Bobby Deol has been a charmer ever since his debut film ‘Barsaat’, with that long curly hair, tall, handsome man almost made go girls on their knees. Undoubtedly he had made an impact in the early 90’s.  He is now all geared up after ‘Race’ franchise to carry on the ‘Yamla Pagla Deewana’ franchise.  Amidst the promotions of the third installment series, ‘Yamla Pagla Deewana Phir se’, we have Bobby in a very casual mood wearing a pair of black denim jeans and black T-shirt looking ravishing as ever, he spoke to us about the film and much more about Hindi cinema. Excerpts:

What’s the new element in ‘Yamla Pagla Deewana Phir se’ that the audience will get attracted to?

I would say every film that’s made in the industry, be it romantic or comedy the storyline is almost same but its characterization is different, moments are different. Similarly this film is slightly different from the ‘Yamla Pagla Deewana’ that has been made. Dad is not playing my father but playing a lawyer, so, there are a lot of different things in it and of what we had done before and its entertaining. 

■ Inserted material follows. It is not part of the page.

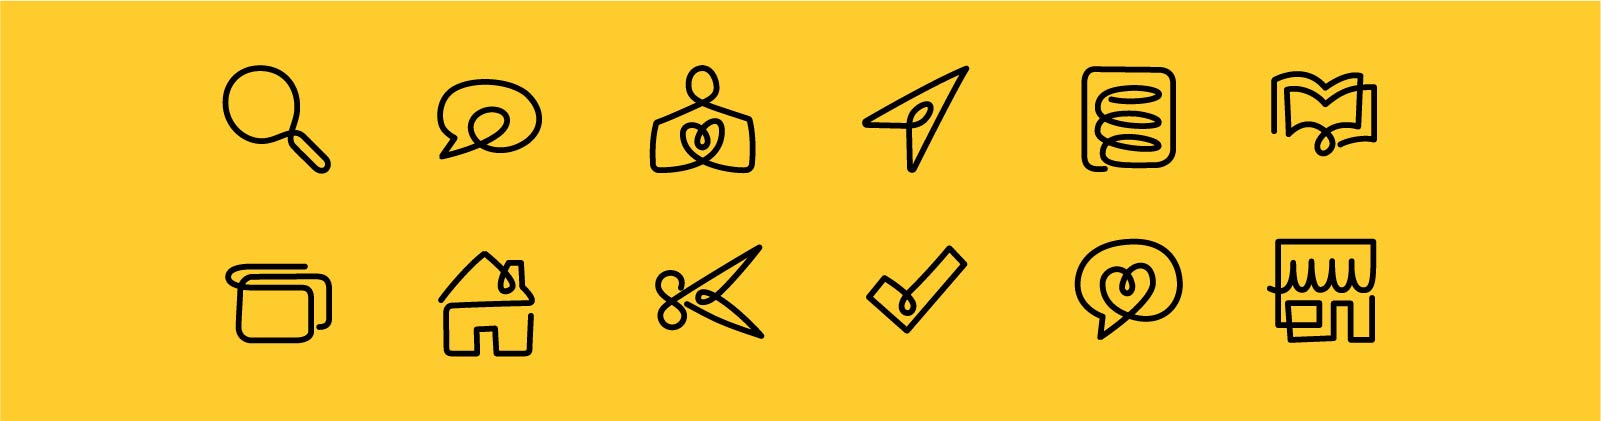 yellow pages new iconography design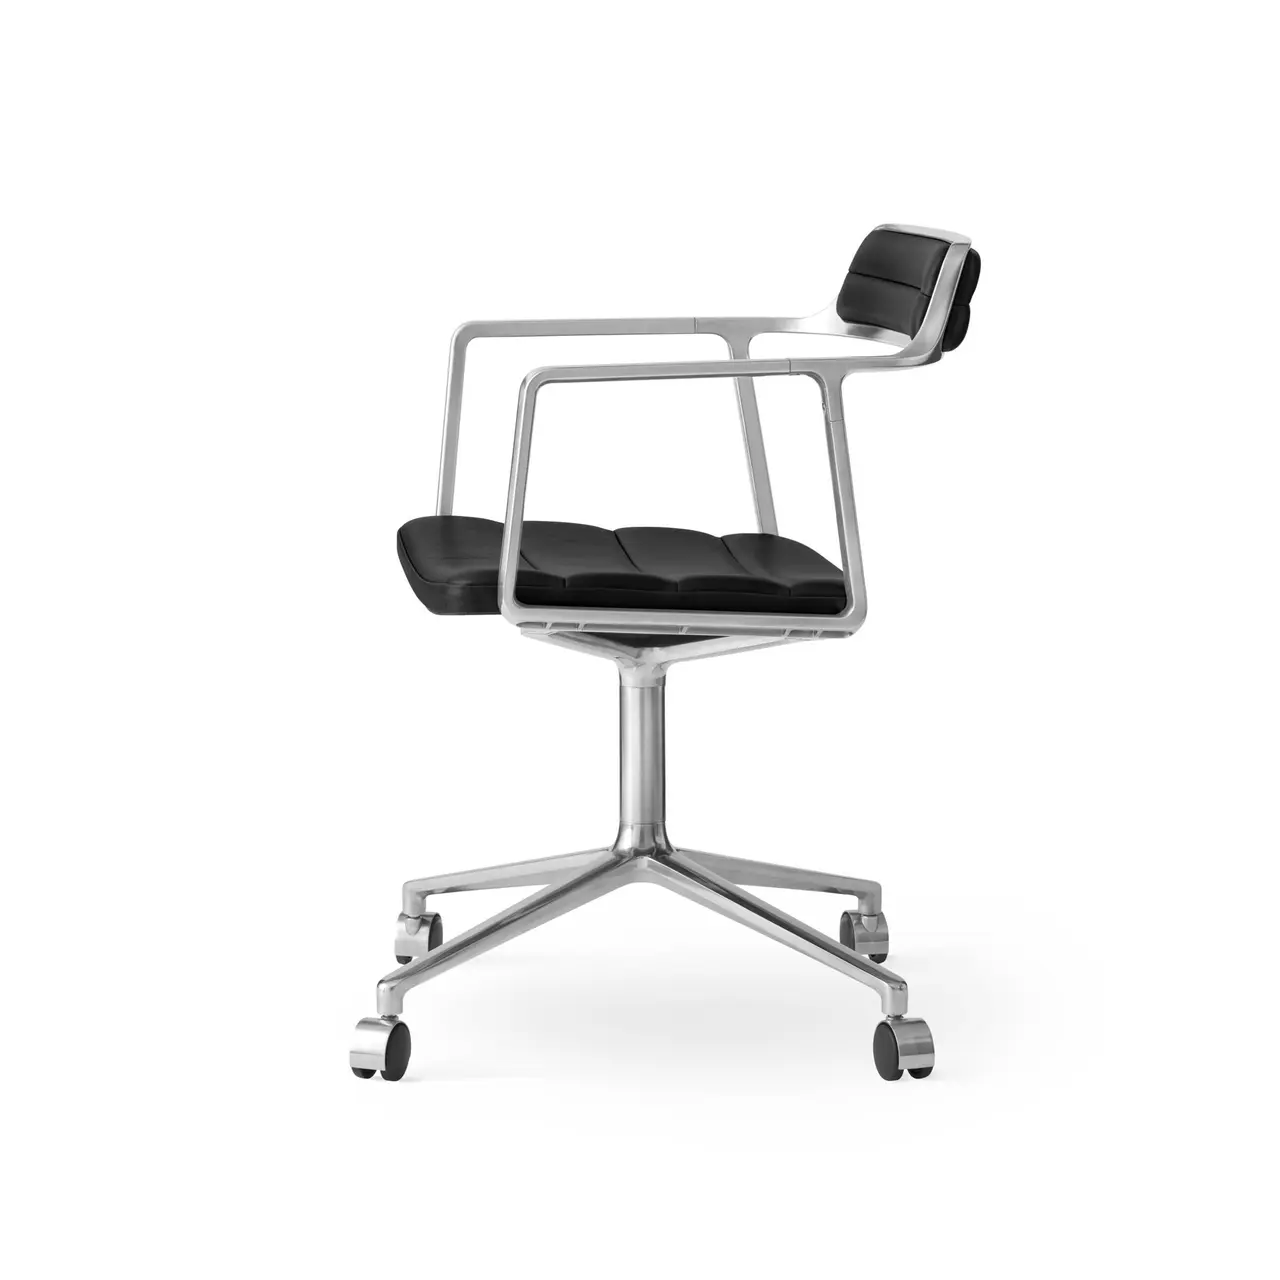 VIPP 452 // SWIVEL CHAIR - BLACK LEATHER, POLISHED FRAME, CASTERS

In the film there’s a Gujarati flavor added, any particular reason?

It’s because the story is different and my character falls in love with a Gujarati girl and how all our issues get solved when we go to Gujarat. There’s humor added to it, how they have to speak in Gujarati because of their work to be done.

You are once again working with your brother and father, how was your experience and also how easy and tough is it to work with them?

 Now we have done so many films together, it was tough when I worked with my father for the first time in ‘Apne’. But dad called me and said, ‘whatever you are doing, do well and give your best, don’t think much’. That was all he said and I was fine because at the end of the day, he is my father and usually when we work together, we don’t  have our relatives with us so we get into our character and see it in that way only. 

What do you look for in a script when you choose your films?

For now nothing interesting has come to me, I am waiting for something to come; and I am very positive that something good will come. There were offers that had come but that wasn’t something interesting, so I don’t want to do anything for now and then go back to where I began since I’ve started all over again. So, I am just hoping that my decision and choices are right this time.

Any criteria you’ve made in terms of working with good producers?
Definitely, if you want to be a part of a film, the producer needs to be strong because now-a-days there are so many films being made that we don’t get dates to release them. Hence you need a strong producer who can handle all these situations and a script makes a film happen so obviously if there’s a good producer everything will fall in place. 

How aware are you about the films that have been made and how often do you go to watch films?
I go quite often, in between I had left watching films but now I do and try my best to watch all, to know what’s being made and what works, what doesn’t work, still we don’t understand why certain films work and why certain don’t (laughs), It’s really confusing. The films you like don’t work but the films you don’t like work, so you need to understand what’s happening, you have to understand what the audiences are looking for. 

 Are you interested in world cinema?
I don’t like dark cinema. I like to do films which a family can watch. But at times, if a concept comes which is like a world cinema type, which is intriguing, which has good characters in it, and then I would think about it. But I always want to do family film where all can sit together and watch. I think we are so influenced by the world cinema that we talk about it, I feel our Hindi cinema is so interesting, in the old days, the cinema we have seen was so much better than world cinema. We certainly have  good filmmakers who make interesting films. For me, I just want to be in commercial films because I have realized it and all want me to do that. Firstly because I look glamorous, I can’t be doing poor roles, for example, my role in ‘Poster Boys’, all people appreciated me for my role and for my fluent Hindi but end of the day, the film didn’t work, so as an actor you have to first see what’s your forte and what works for you and then do a film according to that.

There are a lot of small budget films coming which are subject orientated, what’s your take on it?

I did ‘Poster Boys’ but it didn’t work, you see I tried! (Smiles) I believe in that kind of cinema; it’s just that audience have an image of you in their head so they want to see you doing that only.  There are small budget films with interesting content but end of the day if you need to survive in this industry you have to do that kind of cinema which is going to help you to do more work.